The more traditional way of finding something on a university website required the user to have some knowledge of the organisational structure (to navigate a hierarchy of pages). That’s quite a big assumption, particularly for external users who may know nothing about us.

As we have migrated content, it’s true that we’ve built pages that reflect our organisational structure, but our aim isn’t to silo content within these groups. Instead, we’ll take measures to optimise the content to ensure it can be surfaced in different ways that maximise its visibility. Examples of this might be ensuring that keywords are in the title of a page (so Google can recognise it easily) or tagging it with appropriate categories so someone can narrow down a list of results on our website search.

One example of the different ways users navigate to information is visits to the pay scales for academic and support staff page.

  • There have been almost 34,000 visits to this page in the last year.
  • 2,800 visits came via the HR or Payroll pages.
  • 1,200 visits were direct to the page via our website search.
  • 22,000 visits came direct from a search engine.

Clearly, Google is the go-to method for finding this information for many users in this instance.

In the case of the pay scales for academic and support staff page, it also helps that we spent a significant amount of time ensuring that it’s readable and is usable on mobile as well as desktop. (See Claire’s blog post from last year).

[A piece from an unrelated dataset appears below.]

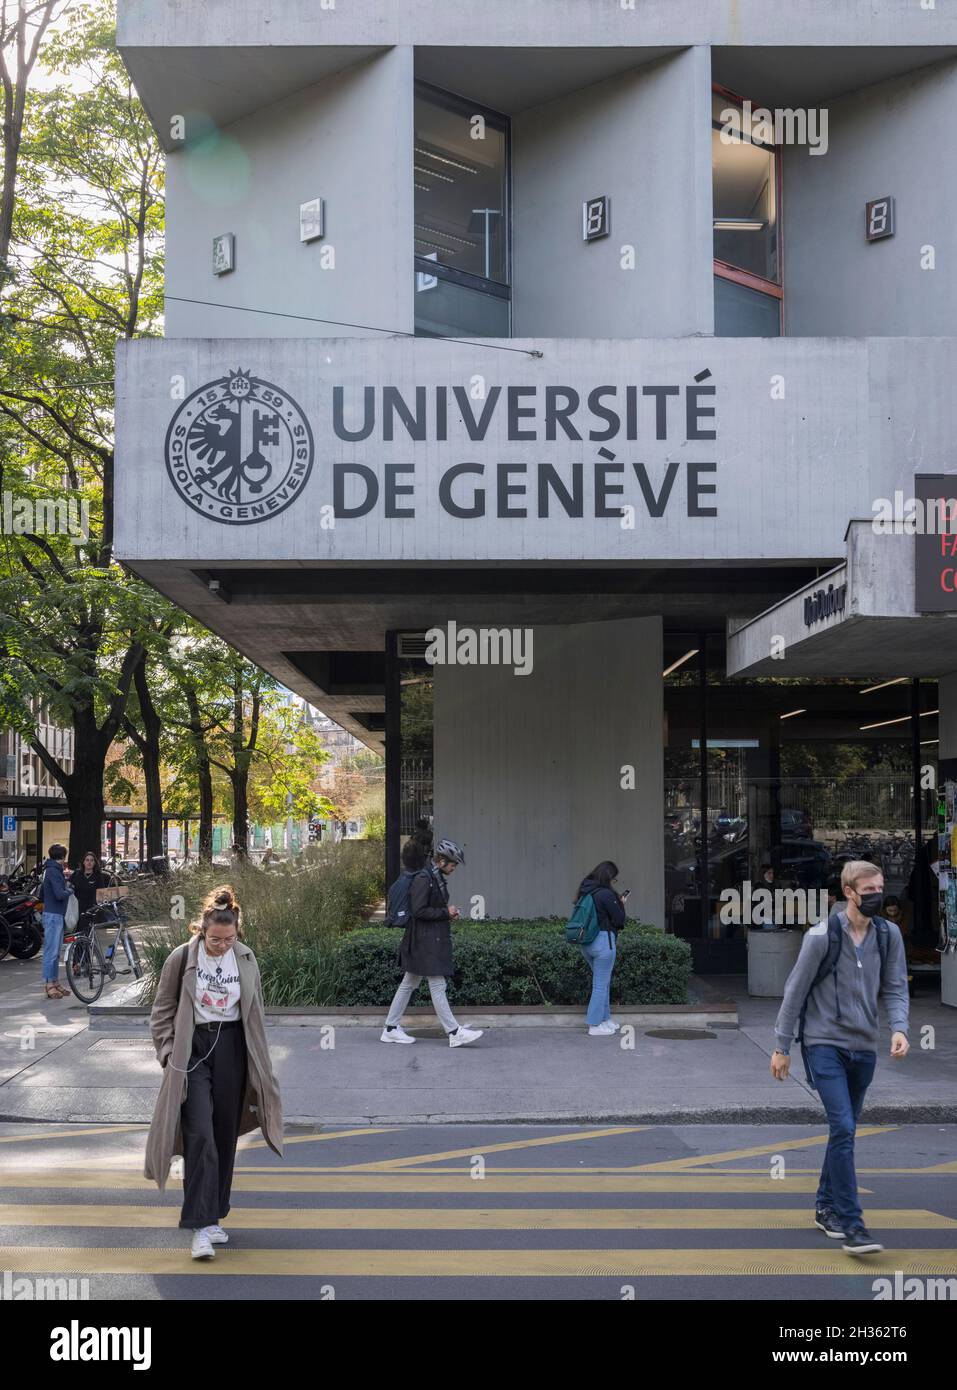 students outside the University of Geneva Uni Dafour building, Geneva, Switzerland Stock Photo
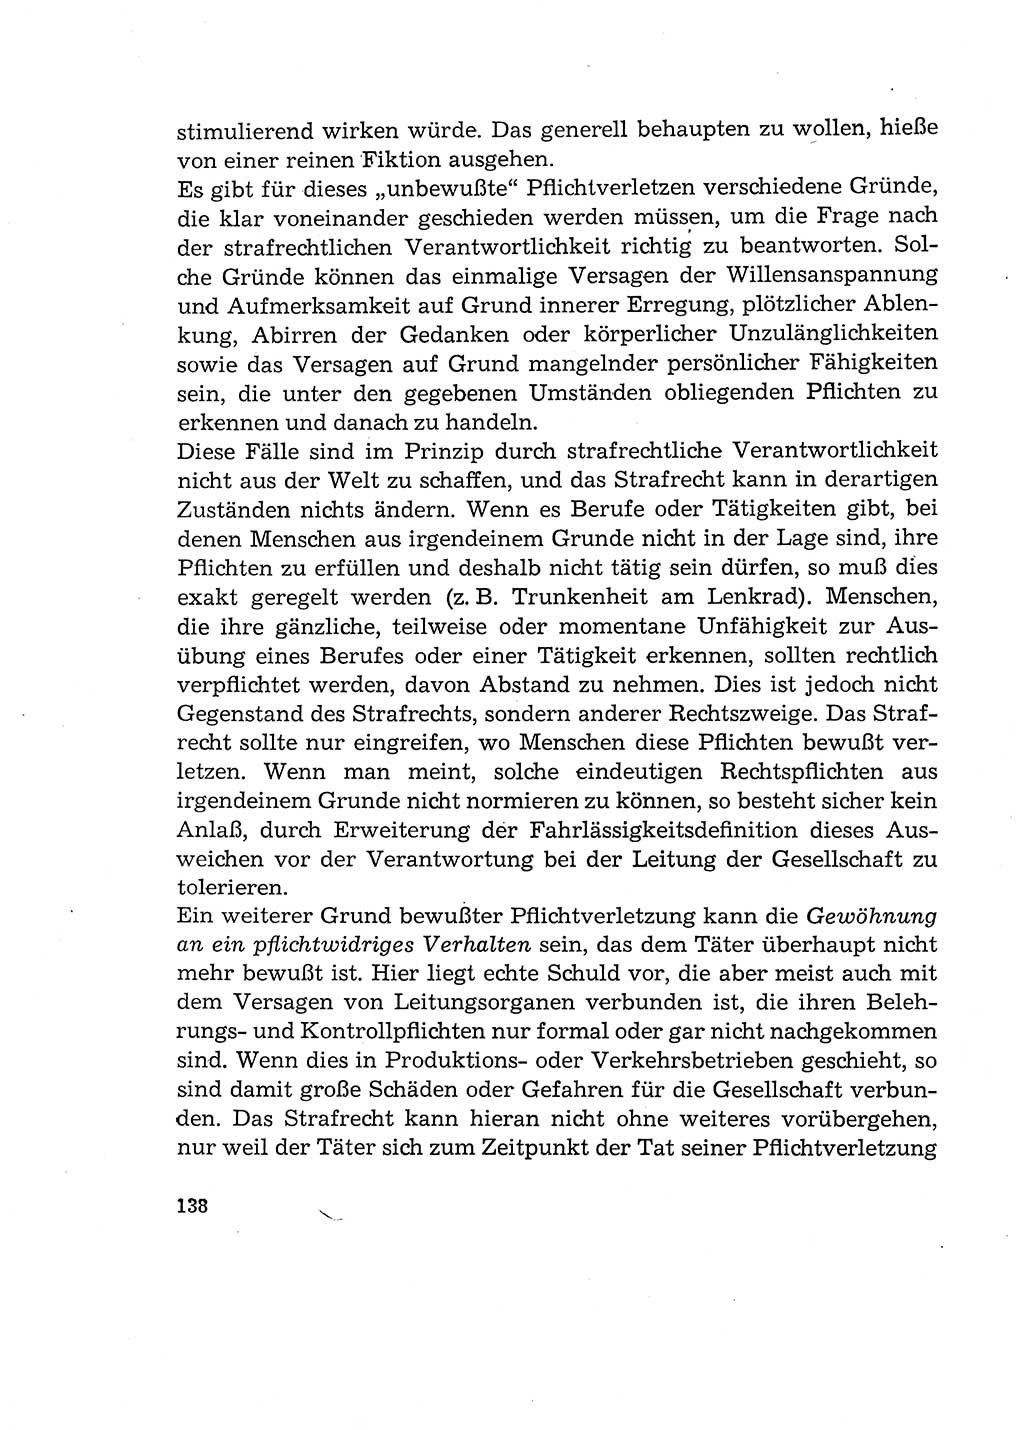 Verantwortung und Schuld im neuen Strafgesetzbuch (StGB) [Deutsche Demokratische Republik (DDR)] 1964, Seite 138 (Verantw. Sch. StGB DDR 1964, S. 138)

Observations on 4 years of content migration

Never again!

Obviously, we would prefer to wait a considerable amount of time before we migrate an entire university again – or ideally never! Who knows what the future holds but one way of ensuring this isn’t such an onerous task again is by becoming better at content maintenance. Yes, that means deleting things regularly (gasp!) but also making time to audit our content and ensure that information is up to date, accurate, and fit for purpose. A smaller website with quality content is always going to provide a better experience than a sprawling website where users have to navigate poor content to find the useful stuff.

An intranet would help

The lack of a corporate intranet has meant that the website has had to perform a dual purpose in providing content for internal and external users. This was true on the old website and it’s still the case, to an extent, on the new. The potential downside of this is that internally facing content disrupts the user journey of key external audiences such as prospective students. To mitigate against this and where appropriate, we’ve encouraged departments and services to make use of SharePoint for documents intended for staff and current students.

We have a PDF addiction

A big part of the migration project has involved moving content from hundreds of PDFs to publish it as HTML pages. PDFs are harder to use for someone with accessibility needs, for example you cannot change the background colour. The scale of this task has meant we’ve had to take a pragmatic approach at times, e.g. long, multi-page documents designed to be printed are often still published as PDFs. However, where possible short documents have been published as HTML content.

There are steps we can take to make PDFs more accessible, but it often comes down to what extent best practice has been followed in the original source document (generally Word documents). There’s a huge opportunity to train staff in creating accessible documents but that’s beyond our remit for now. In the meantime, we’ve created some guides around this subject that might be of use:

Creating accessible documents

Publishing PDFs on the University website

Speak to us!

So, as we hurtle towards the end of March and bid a not so tearful goodbye to the old website, we hope that you notice the benefits of the new. The team here in Web Services have done an incredible job. Nothing is perfect of course and there’s always improvements to be made. That’s why we welcome your feedback on any aspect of the website. It’s only through engaging with users, external or internal, that it will continue to be sector leading.